#### Data section:
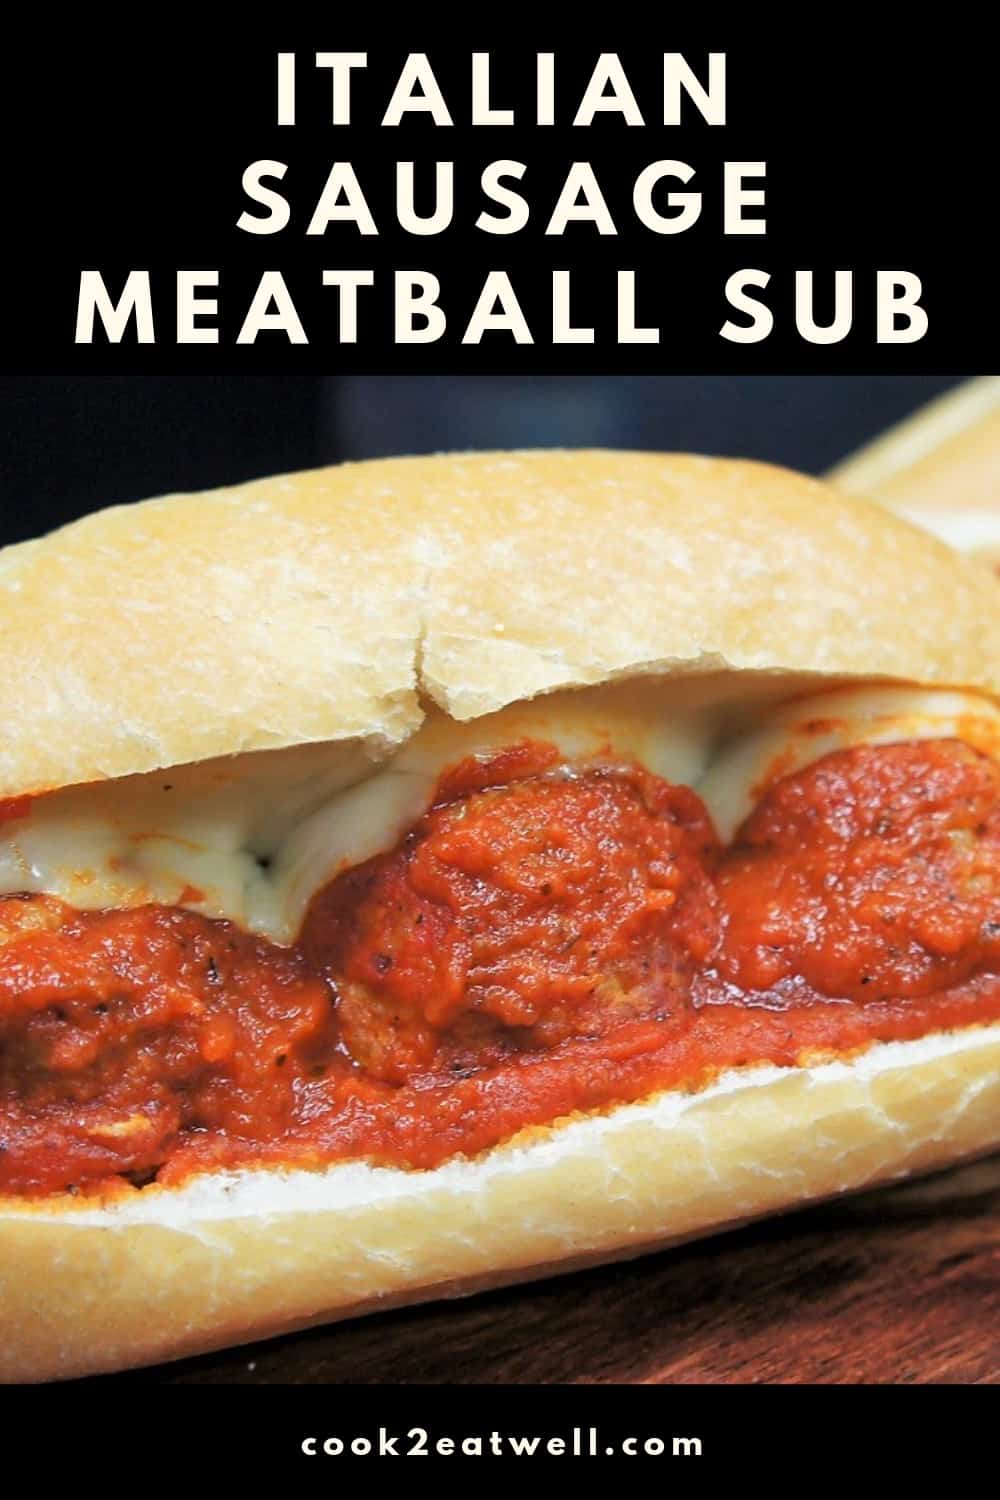 Italian Sausage Meatball Subs - Cook2eatwell
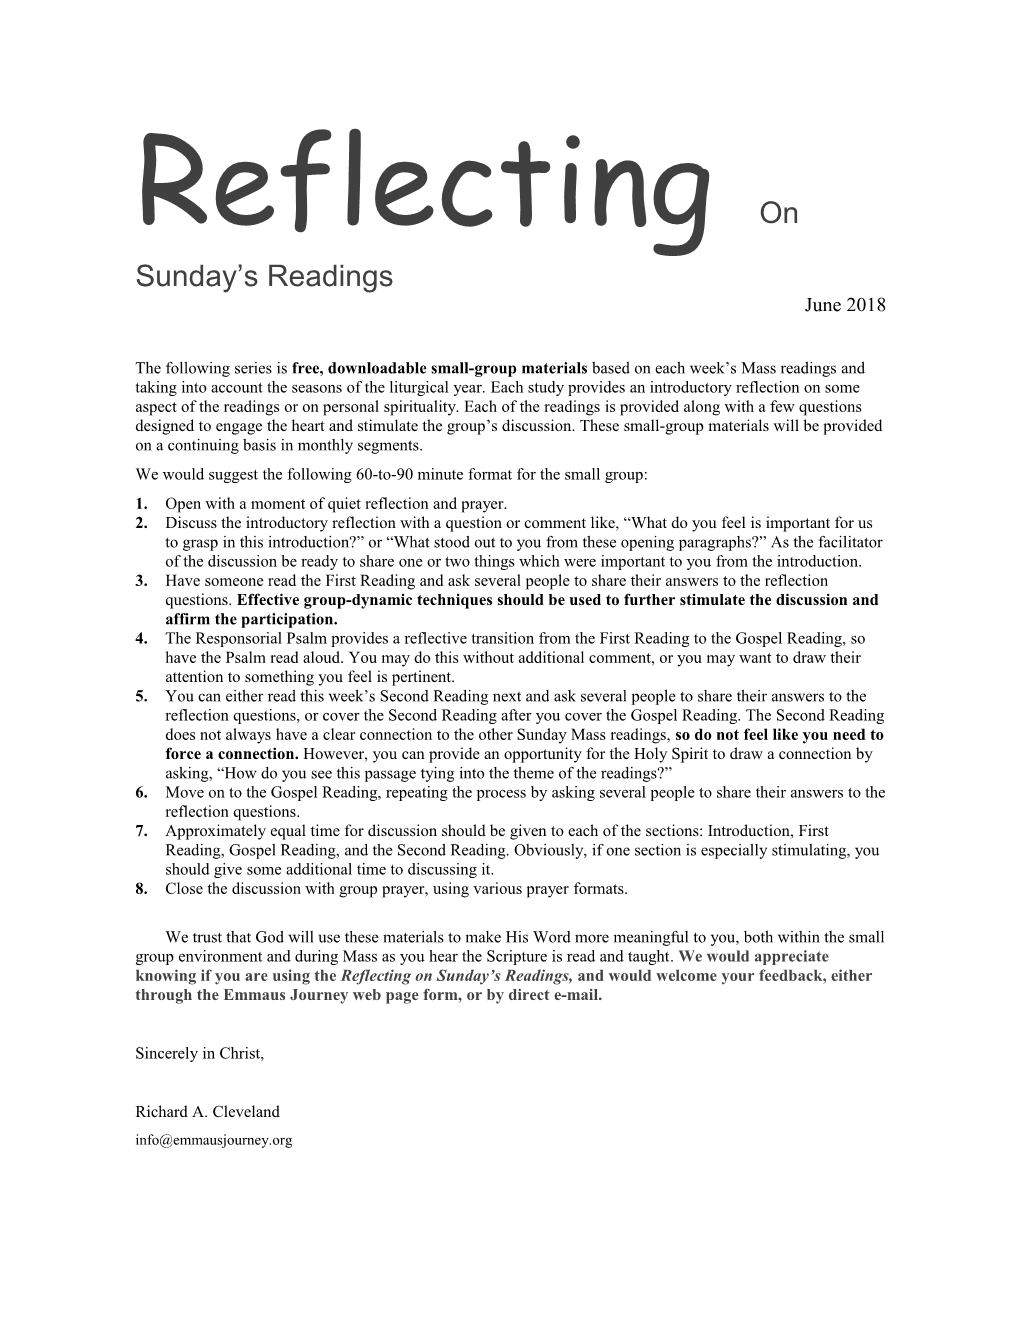 Reflecting on Sunday S Readings s2
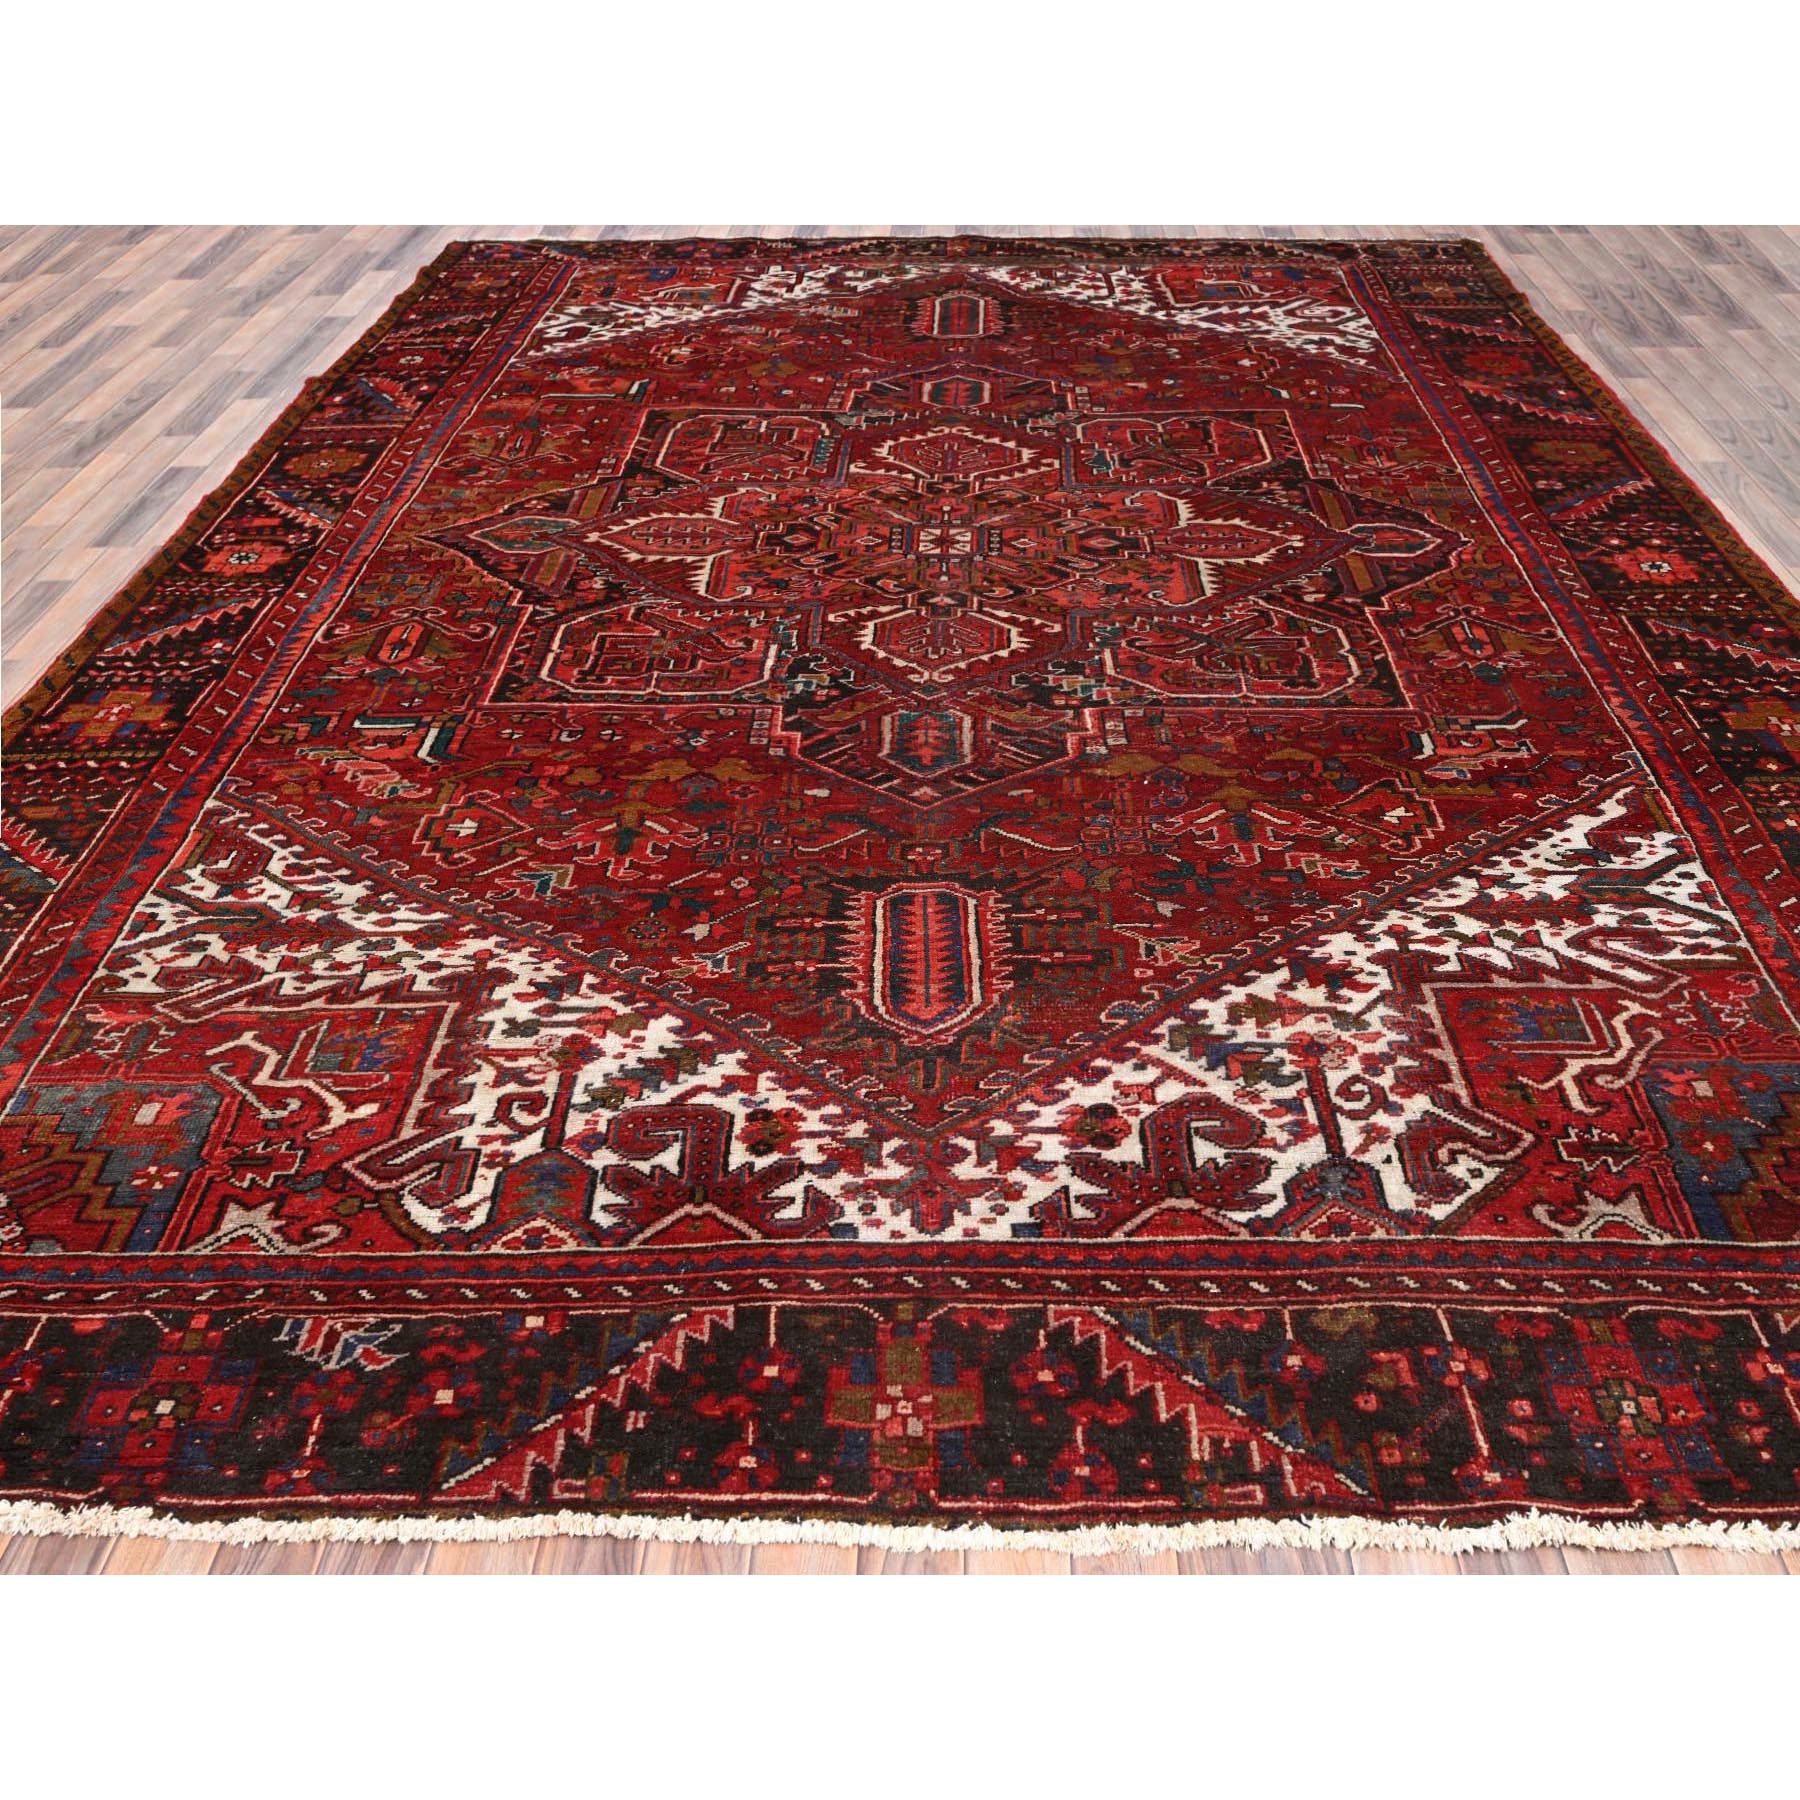 10'2"x13'1" Ajax Red, Hand Woven, Semi Antique Persian Heriz, Good Condition, Rustic Look, Worn Wool, Oriental Rug

#### Task brief:
Whenever a picture appears in the listing, leave it out; copy everything else exactly.

#### Answer area:
 Italian Sausage Meatball Subs - Cook2eatwell
 Reflecting on Sunday S Readings s2
 10'2"x13'1" Ajax Red, Hand Woven, Semi Antique Persian Heriz, Good Condition, Rustic Look, Worn Wool, Oriental Rug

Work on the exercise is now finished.